Steven Murawski for Microsoft Azure

Posted on Sep 18, 2023 • Edited on Sep 25, 2023

Just Enough Git for GitOps

#git #gitops #cloudnative #beginners

GitOps Series

This week and next, my team and I are going to be exploring different facets of GitOps and some of the tools in the space. Watch our social media for new posts:

Josh Duffney: twitter|linkedin|github
Paul Yu: twitter|linkedin|github
Jorge Arteiro: twitter|linkedin|github
Yosh Wuyts: twitter|linkedin|github
Steven Murawski (me): twitter|linkedin|github

Some of the topics we'll cover include:

What is GitOps?
How do Secure Supply Chain tools fit in a GitOps workflow?
FluxCD
ArgoCD
Dealing with secrets in GitOps

What else would you want to see? Leave a comment below with topics you'd like to see covered and we'll see what we can do!

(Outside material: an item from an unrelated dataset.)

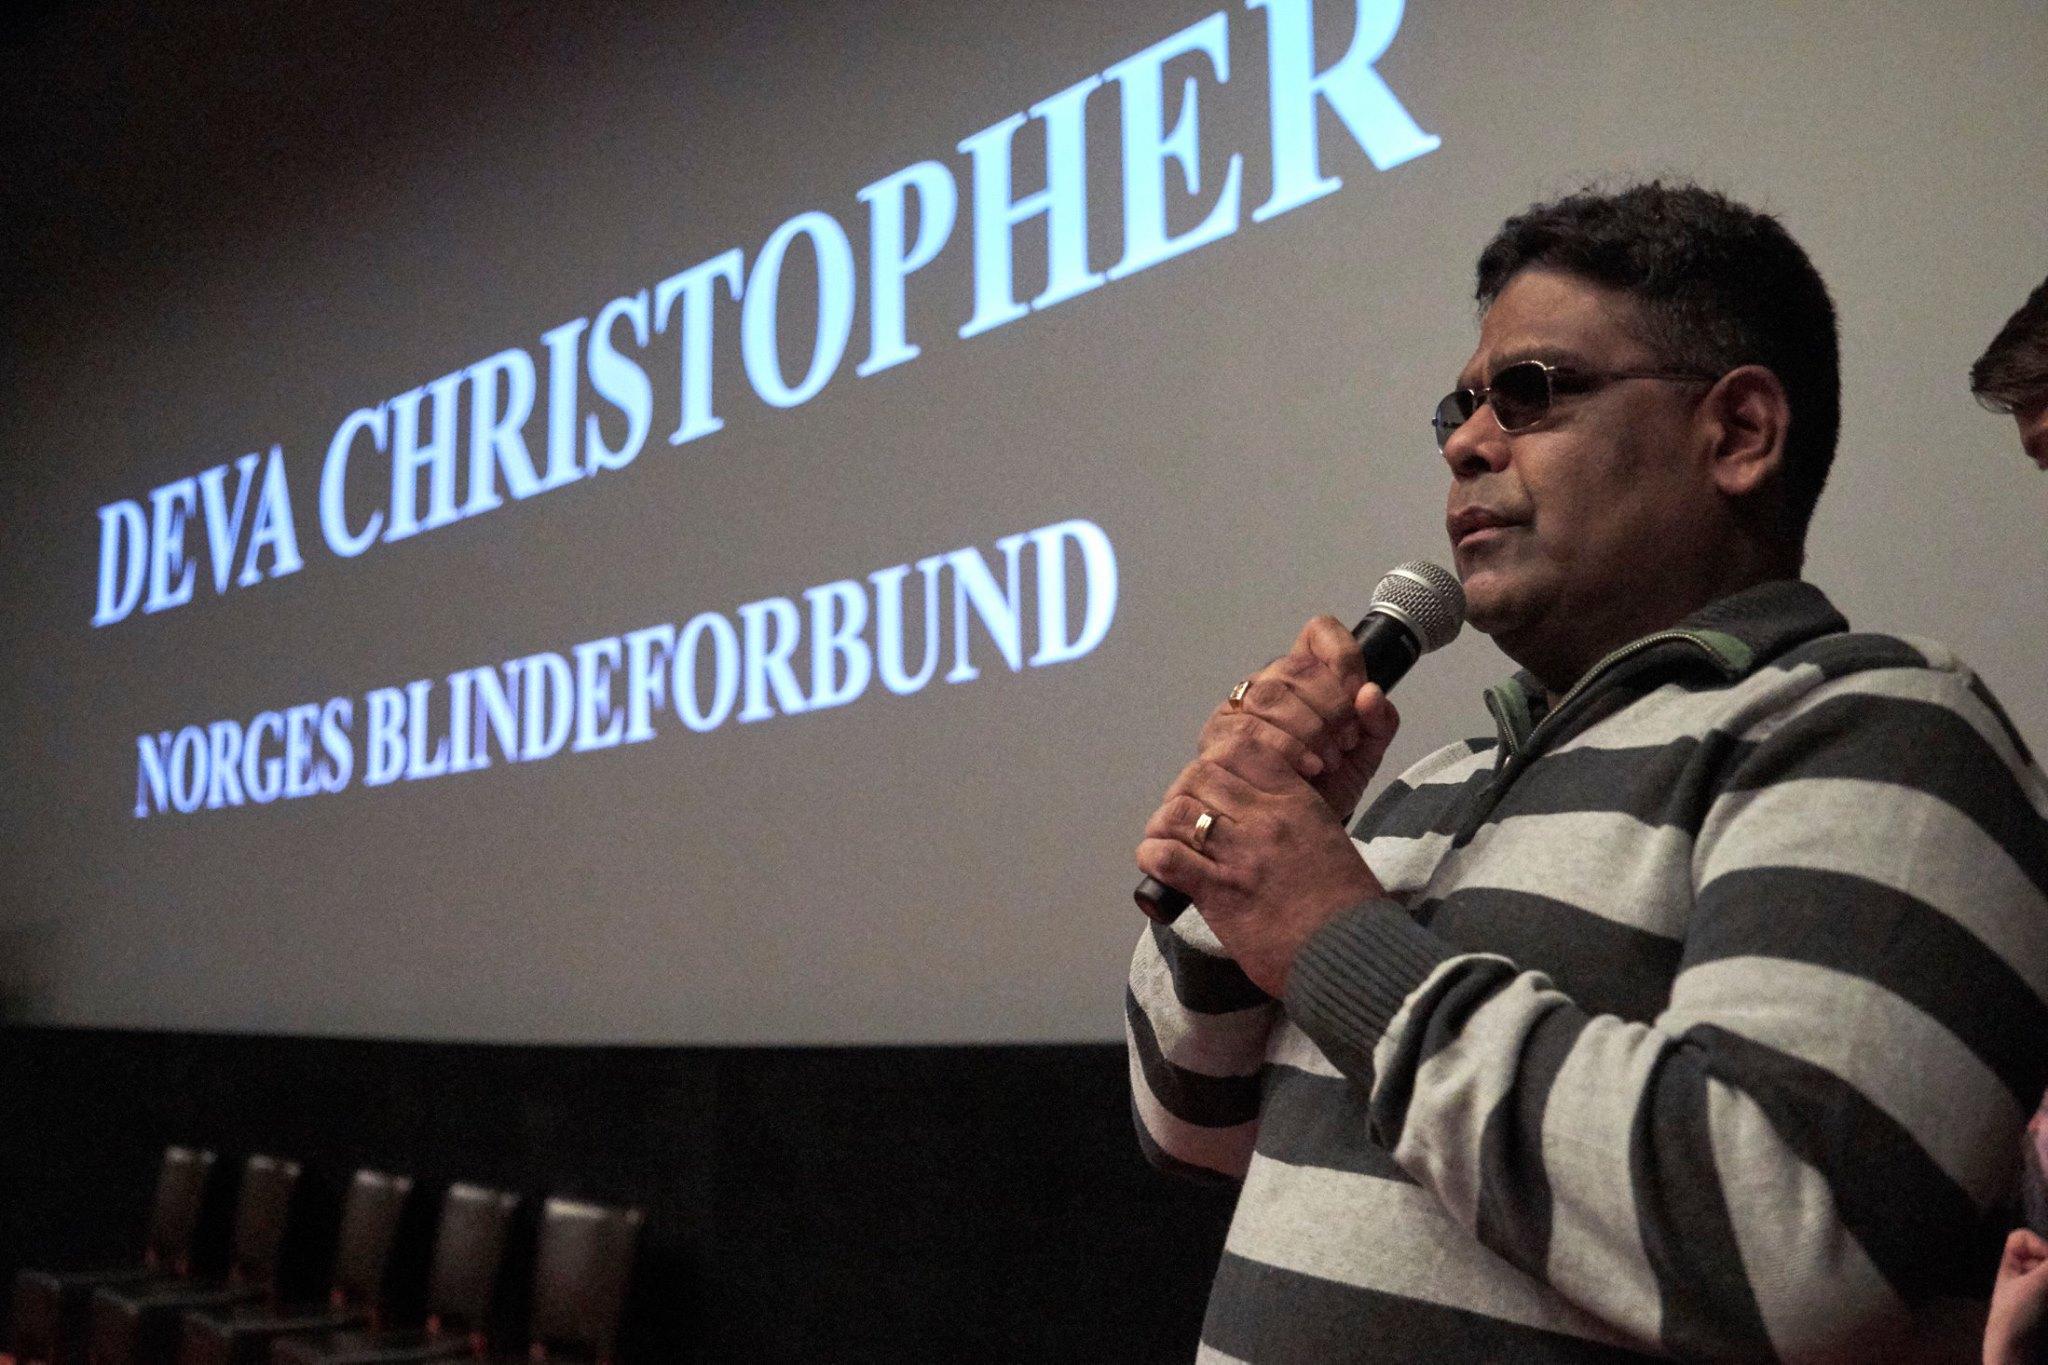 Deva Christopher fortalte om sine opplevelser og hva mi gjøre for å få et mer universelt utformet samfunn. Han delte verdifulle egne erfaringer for å illustrere behovet for økt fokus på kurs og kompetanse.

Let's get started with some concepts about Git and then cover a basic set of commands that will get you ready to work with GitOps tools.

Git Concepts

Git is a distributed version control system that allows multiple developers to collaboratively manage and track changes to source code, enabling efficient code development, and review.

Distributed

The distributed nature of Git means that you can have multiple independent copies of a repository with some shared history. That shared history makes it possible to push or pull changes from other copies effectively.

What this effectively means is that Git does not, by design, have the concept of a central repository. All copies of a repository are just as valid as any other. We, as developers and operations personnel, enforce authority to one particular copy of a repository by pattern and practice. Tools and services like GitHub, GitLab, Azure Repos, and others help facilitate that practice.

For the purposes of GitOps, this means that we enforce the source of truth for our environment by convention and process.

Branches

In Git, branches are separate workspaces that allow developers to work on features, bug fixes, or experiments independently from other changes.

This makes it easier to manage and merge changes into the project when they are ready.

By convention, the primary branch in a repository is main. Older projects may use the master, though that terminology is perceived as culturally insensitive or offensive and the industry has shifted towards other, equally accurate terminology. Another term you may see for the main branch is trunk.

Repository

Repositories in Git are represented as the directory structure of the project under control. There is a hidden .git directory that handles all the change tracking and content across branches and tags represented in the repository.

Repo is a common shorthand version of repository.

Special files

As I previously mentioned, a Git repository has a special directory for tracking Git related operations - the .git directory.

One other key file to be aware of at the start is the .gitignore file. This file allows you to define specific files or groups of files (wildcards supported) that Git should ignore. This is commonly used to keep Git from tracking specific binary files, intermediate build artifacts, local settings files, and editor specific files - though it can be used for any file or set of files you do not want tracked.

Remotes

Remotes are repositories that are in a physically different location (either on the local filesystem or available over a network). Git can track named references to these other locations.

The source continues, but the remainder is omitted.